Continuous Classification of Locomotion in Response to Task Complexity and Anticipatory State.

OBJECTIVE

Intent recognition in lower-extremity assistive devices (e.g., prostheses and exoskeletons) is typically limited to either recognition of steady-state locomotion or changes of terrain (e.g., level ground to stair) occurring in a straight-line path and under anticipated condition. Stability is highly affected during non-steady changes of direction such as cuts especially when they are unanticipated, posing high risk of fall-related injuries. Here, we studied the influence of changes of direction and user anticipation on task recognition, and accordingly introduced classification schemes accommodating such effects.

METHODS

A linear discriminant analysis (LDA) classifier continuously classified straight-line walking, sidestep/crossover cuts (single transitions), and cuts-to-stair locomotion (mixed transitions) performed under varied task anticipatory conditions. Training paradigms with varying levels of anticipated/unanticipated exposures and analysis windows of size 100-600 ms were examined.

RESULTS

More accurate classification of anticipated relative to unanticipated tasks was observed. Including bouts of target task in the training data was necessary to improve generalization to unanticipated locomotion.
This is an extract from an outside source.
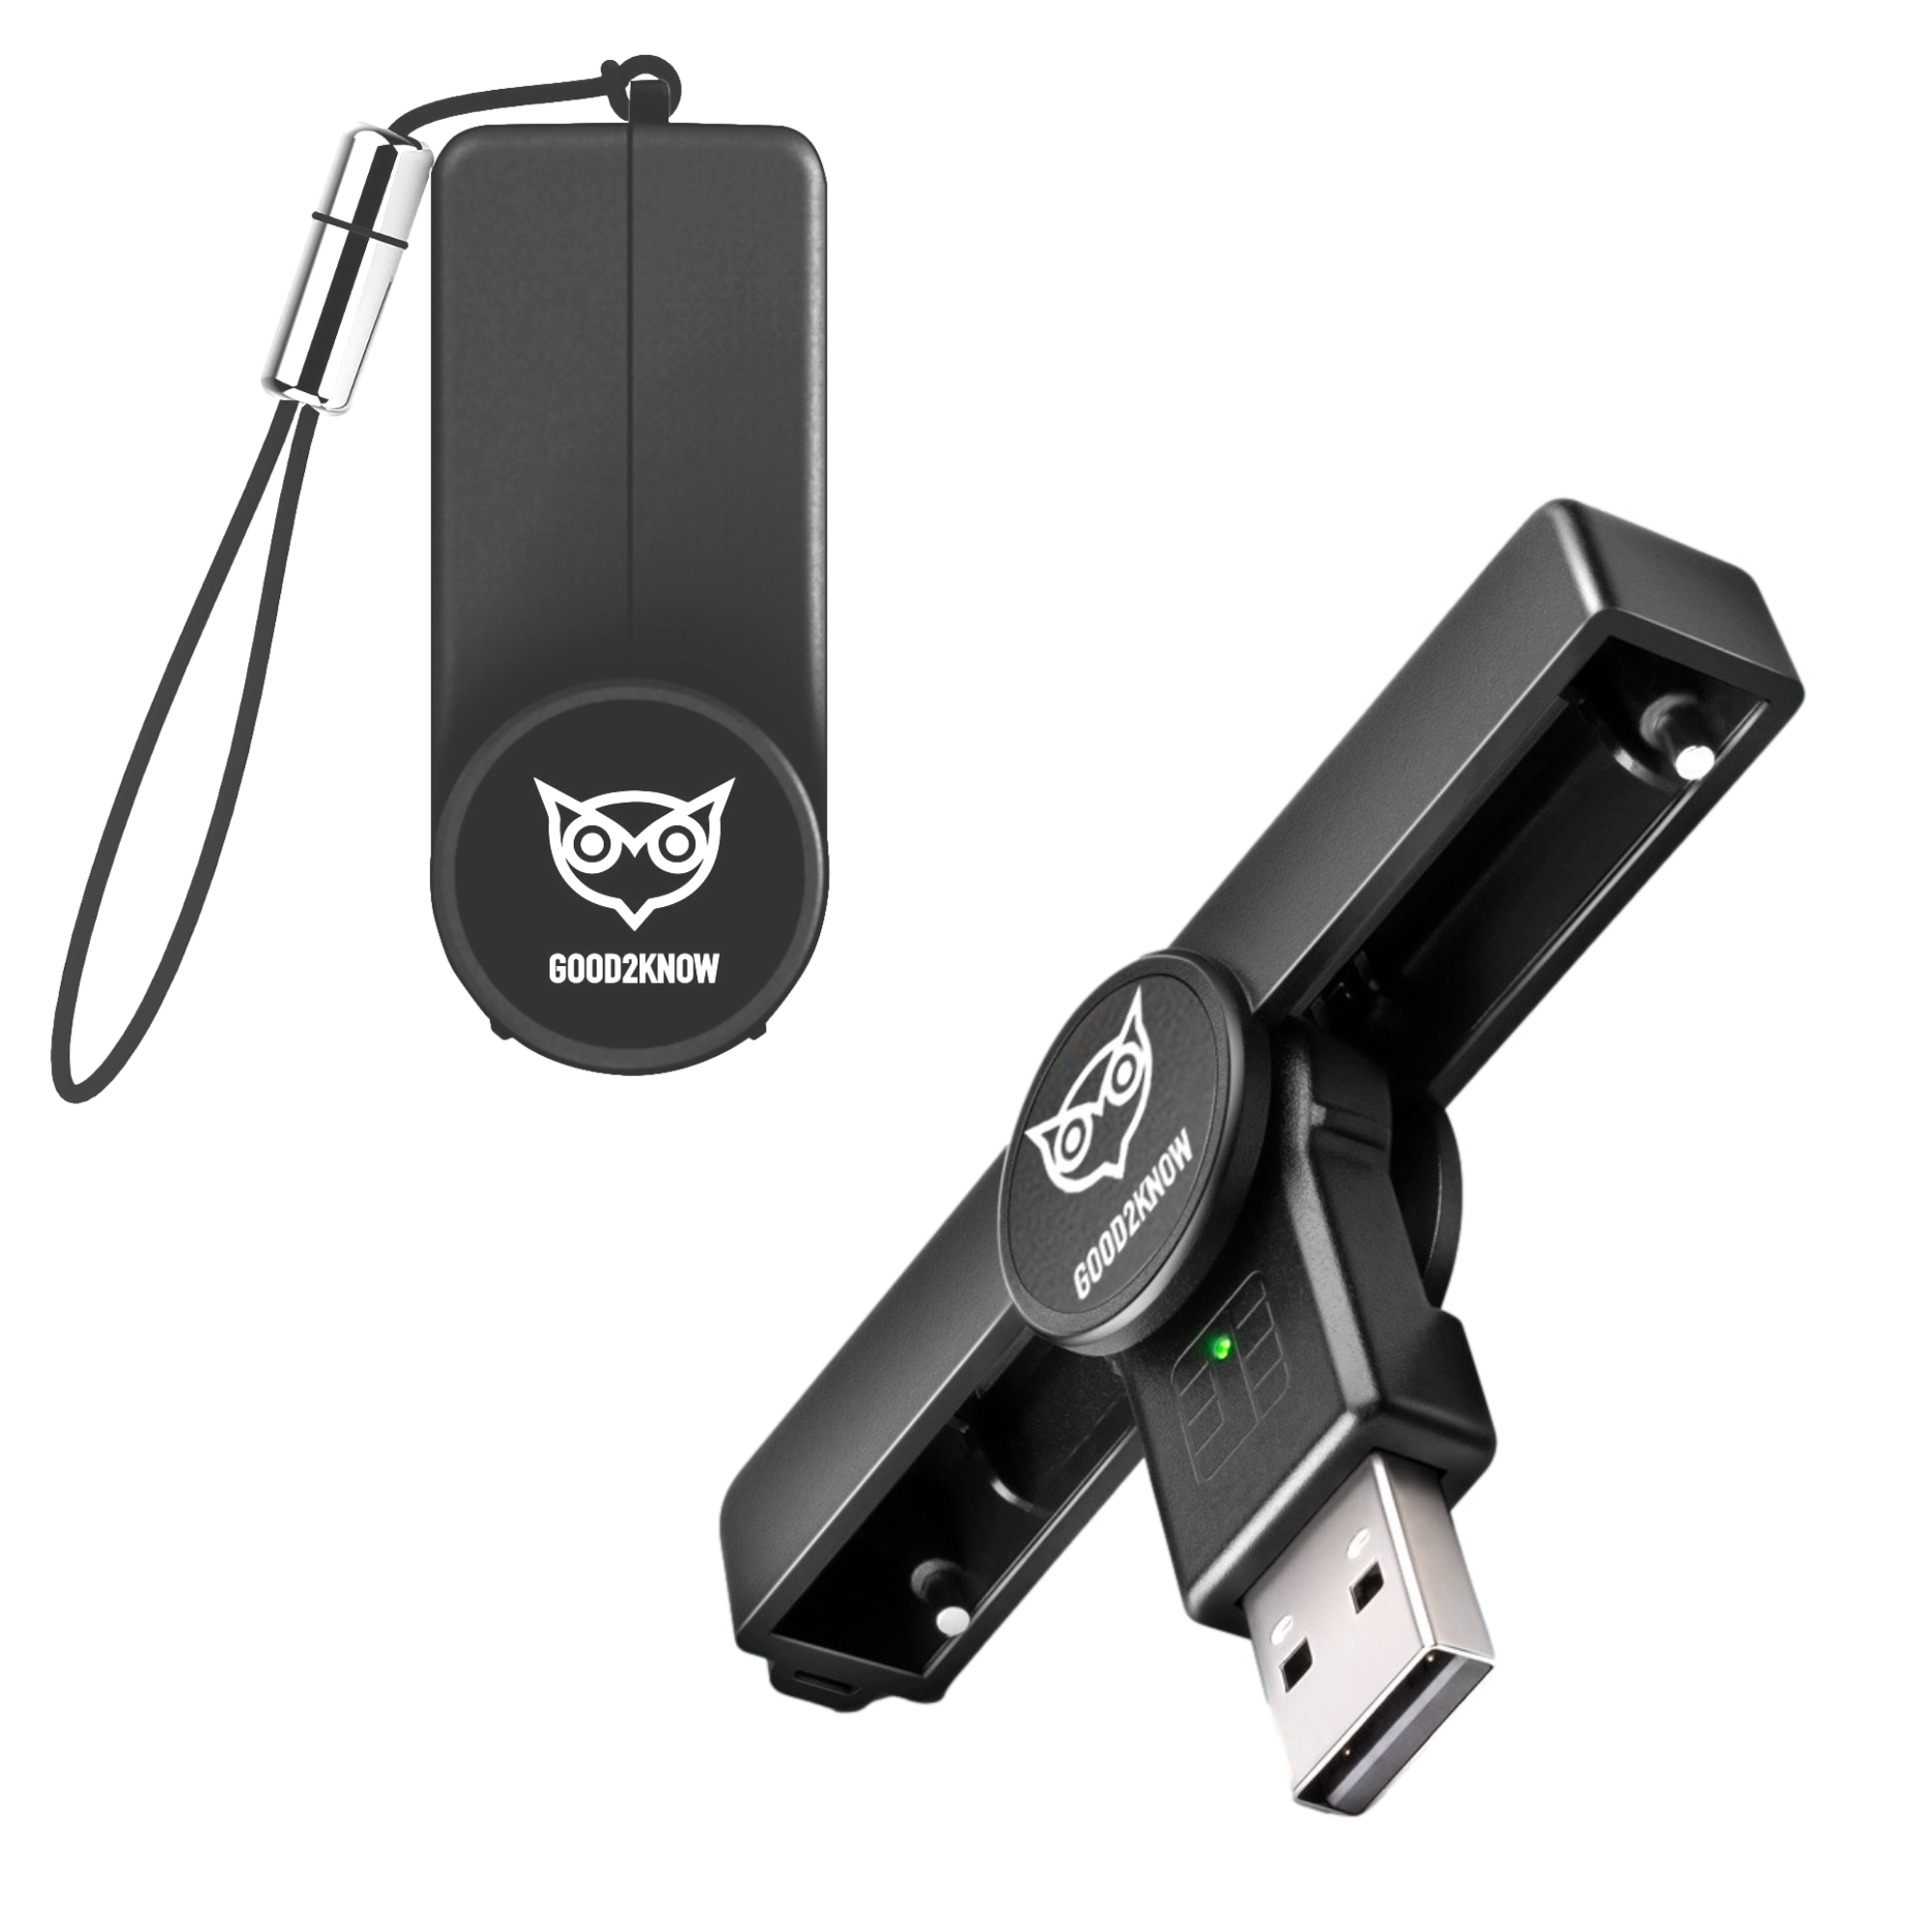 eID Kaartlezer Mini USB A Id Lezer België Zwart

Only up to two bouts of target task were sufficient to reduce errors to <20% in unanticipated mixed transitions, whereas, in single transitions and straight walking, substantial unanticipated information (i.e., five bouts) was necessary to achieve similar outcomes. Window size modifications did not have a significant influence on classification performance.

CONCLUSION

Adjusting the training paradigm helps to achieve classification schemes capable of adapting to changes of direction and task anticipatory state.

SIGNIFICANCE

The findings could provide insight into developing classification schemes that can adapt to changes of direction and user anticipation. They could inform intent recognition strategies for controlling lower-limb assistive to robustly handle "unknown" circumstances, and thus deliver increased level of reliability and safety.